Please give me some ideas, or provide some blogs or papers for understanding this problem.

fam
  • 583
  • 3
  • 14
  • For the record, it's not a requirement in supervised learning to have the same distribution in the training set and the production set. What is necessary is for the *test set*, i.e. the data on which the system is evaluated, to have the same distribution as the production set. So it's ok to resample the training set, as long as the test set has the true distribution (whether it's a good idea to resample is a different matter, of course). – Erwan Jul 15 '22 at 15:20
  • Thank you! your point regarding the similar distributions for train and test make sense. However, I would like to disagree with your first point (the one regarding the similar distribution of training and production set). If what you stated is true, then why do we have to retrain the models upon the availability of new data. Do you think that the model is suitable for making predictions if our training and production sets have different distributions? Can you please clarify this point? If possible, I would like to have a detailed discussion on this. – fam Jul 18 '22 at 05:28
  • Sure, I'm aware that this often a source of confusion. You're right that one would usually use the same distribution between training and production *because this is the most likely to perform well* when evaluated on a test set. But if for some reason one discovers that using some different distrib (e.g. resampled) in the training set works even better on the test set, then it's perfectly fine to use this distrib (the whole resampling method is based on this btw). What matters to keep the test set the same, because the test set represents the problem one tries to solve. – Erwan Jul 18 '22 at 08:45
  • Changing the test set would mean *changing the problem*, possibly making it easier or harder to solve and anyway not comparable to the original problem. Changing the training set means changing the method one tries to use for the problem: some methods work better than others, but any method which works is ok. – Erwan Jul 18 '22 at 08:47

3 Answers3

2

Class imbalance is not a problem by itself, the problem is too few minority class' samples make it harder to describe its statistical distribution, which is especially true for high-dimensional data (and BERT embeddings have 768 dimensions IIRC).

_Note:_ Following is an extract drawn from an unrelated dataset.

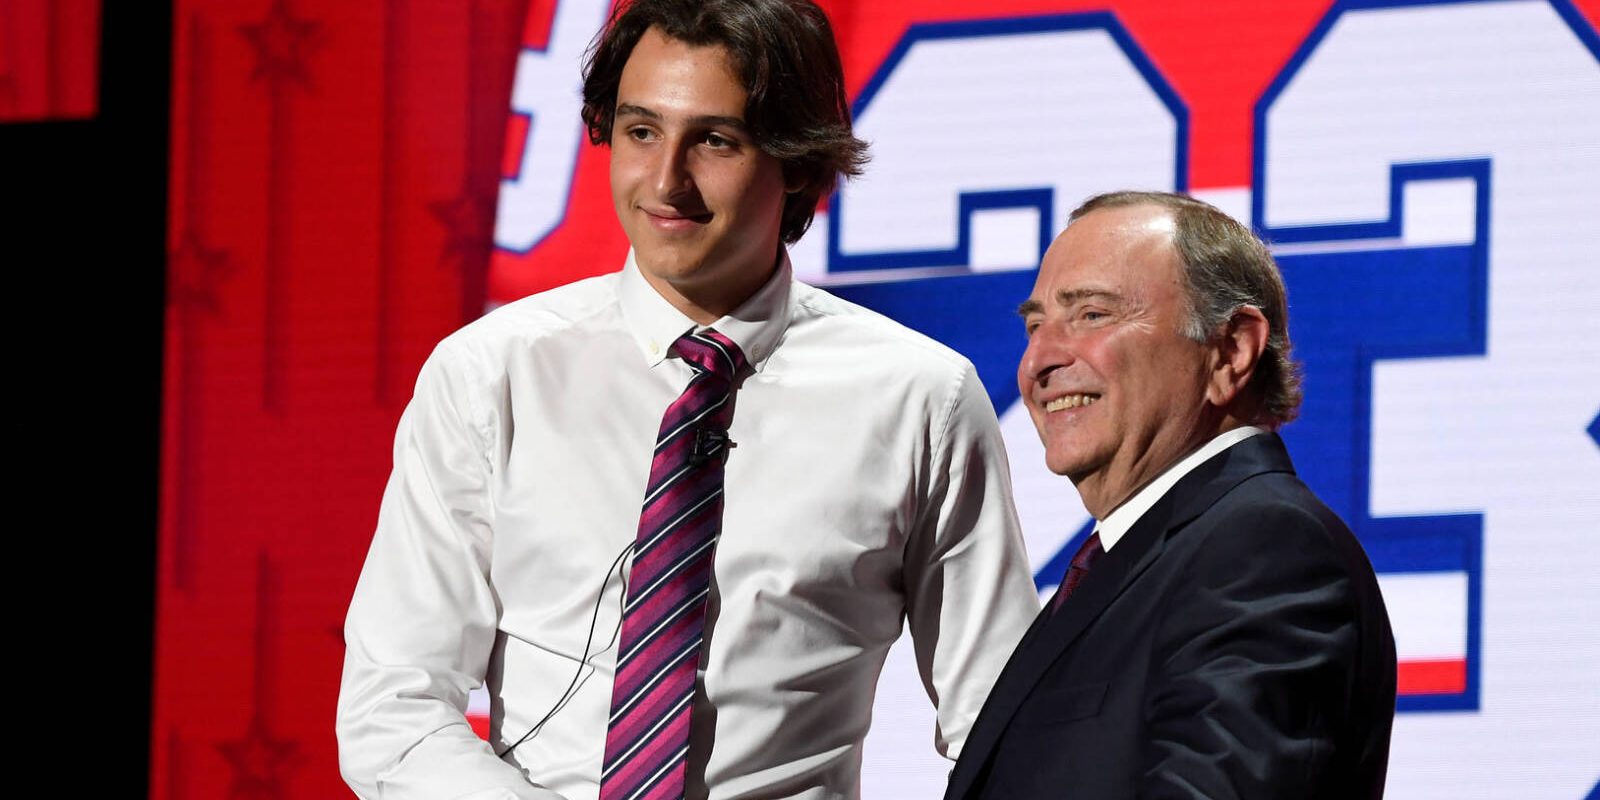 Jun 28, 2023; Nashville, Tennessee, USA; Montreal Canadians draft pick David Reinbacher shakes hands with NHL commissioner Gary Bettman after being selected with the fifth pick in round one of the 2023 NHL Draft at Bridgestone Arena. Mandatory Credit: Christopher Hanewinckel-USA TODAY Sports

Additionally, logistic function tends to underestimate the probability of rare events (see e.g. https://gking.harvard.edu/files/gking/files/0s.pdf for the mechanics), which can be offset by selecting a classification threshold as well as resampling.

There's quite a few discussions on CrossValidated regarding this (like https://stats.stackexchange.com/questions/357466). TL;DR:

  • while too few class' samples may degrade the prediction quality, resampling is not guaranteed to give an overall improvement; at least, there's no universal recipe to a perfect resampling proportion, you'll have to test it out for yourself;
  • however, real life tasks often weigh classification errors unequally: resampling may help improving certain class' metrics at the cost of overall accuracy. Same applies to classification threshold selection however.
dx2-66
  • 2,376
  • 2
  • 4
  • 14
  • Thank you for the clarification on multiple points. But, my question still remains. Can you please elaborate by considering dataset balancing and distribution similarity in training and production simultaneously. Also, how is prediction based on logistic regression related to this problem? – fam Jul 18 '22 at 05:36
  • If you've got _sufficient_ minority samples, there should be no reason not to use the same distribution. If you do not, your estimation will be biased (and neural network classifiers still use sigmoid or its softmax generalization most of the time). When doing resampling it's hard to apply 'just enough' correction for that bias. That's probably alright if you're mostly interested in a minority class, but otherwize I'd personally try to balance things out using classification thresholds only: it can be adjusted trivially and does not require retraining. – dx2-66 Jul 18 '22 at 10:23
1

This depends on the goal of your classification:

  • Do you want a high probability that a random sample is classified correctly? -> Do not balance your training set.
  • Do you want a high probability that a random sample from a rare class is classified correctly? -> balance your training set or apply weighting during training increasing the weights for rare classes.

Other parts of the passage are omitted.